MeN, is a progressive form of tubulointerstitial nephritis, a condition in which the kidney filtering units become inflamed. The largest patient population for this disease is young agricultural workers. Laborers enter an active nephrological inflammatory phase due to chronic dehydration, strenuous working conditions, and the frequent use of painkillers to combat heat stroke [3]. The inflammation of kidney tubules—the constituents that are supposed to filter blood, return nutrients and fluids, remove waste, and maintain a healthy acid-base balance—consequently lowers kidney function [1, 3]. In addition, common agricultural pesticides can accumulate in the kidney tubules, further limiting their functions [3].
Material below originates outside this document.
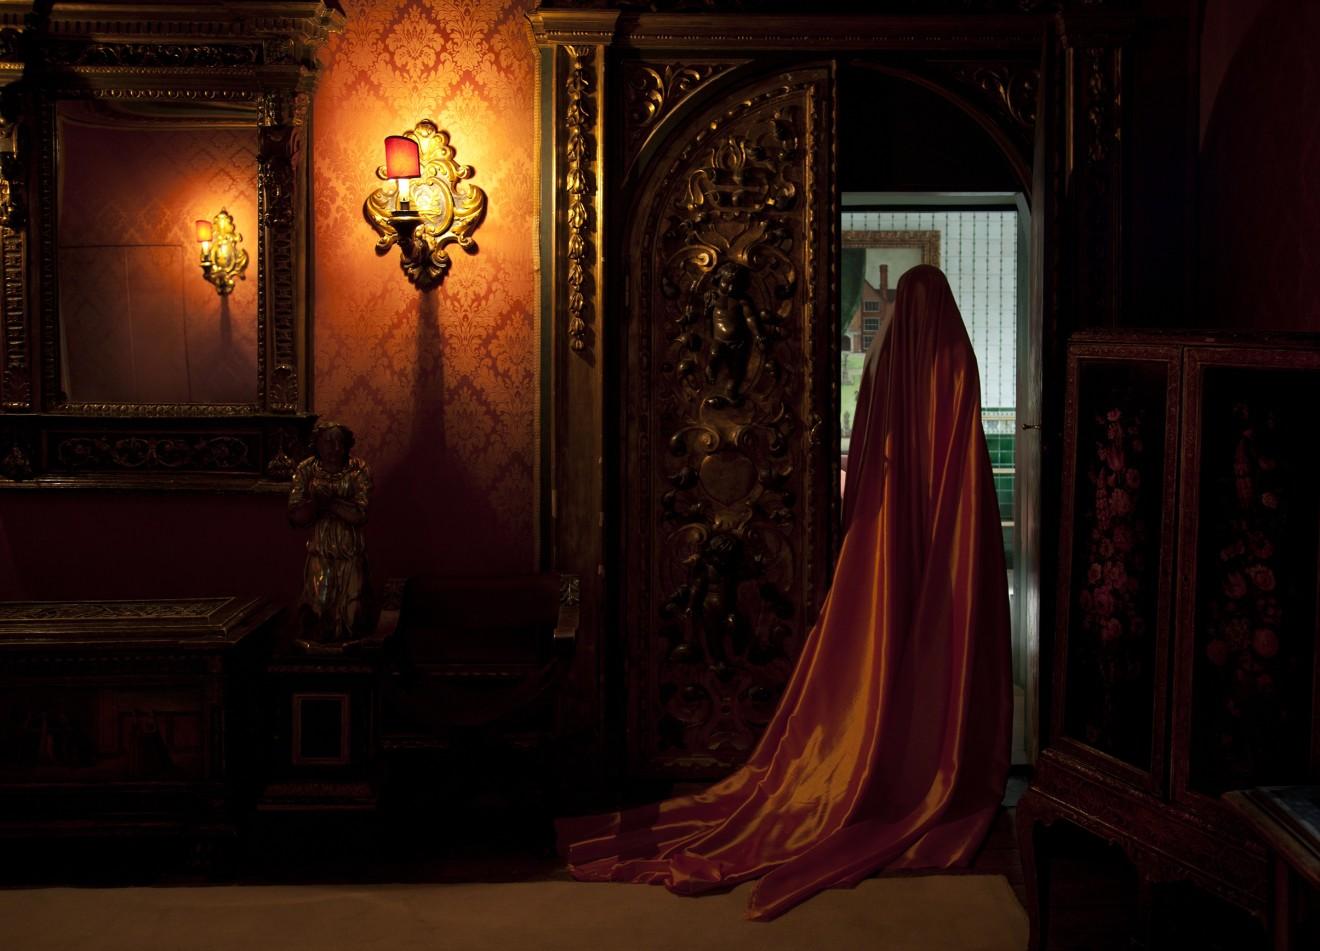 Güler Ates, Orange Reflection, 2011

Despite these correlations, there is minimal literature on this potential factor for MeN. Laborers experience cramps, fever, and an average kidney function of less than 60% without the two typical risk factors of CKD––diabetes and hypertension––due to inflammation and tubular toxicity [1]. In addition, many patients present with unspecified symptoms of low-grade fever, proteinuria (protein in the urine), and/or dysuria (painful urination) [2]. However, an official diagnosis requires a kidney biopsy, a test that allows nephrologists to view the inflammation and tubular damage that characterize MeN’s tubulointerstitial nephritis [2].
In 2016, García-Trabanino et al. published a study utilizing data from a decade-long study from El Salvador’s Bajo Lempa rural coastal region. Fondo Social de Emergencia para la Salud (FSES) is a community-based approach for health services from which data from 2004 to 2013 was utilized. In this 10 year period, there were 271 cases of end-stage renal disease [4]. 75.5% of these patients worked or previously worked in agriculture, 66% did not have a history of diabetes or hypertension, and 97% were men [4]. This study from an area in which MeN is endemic represents the prevalence of the disease and its affliction of agricultural workers.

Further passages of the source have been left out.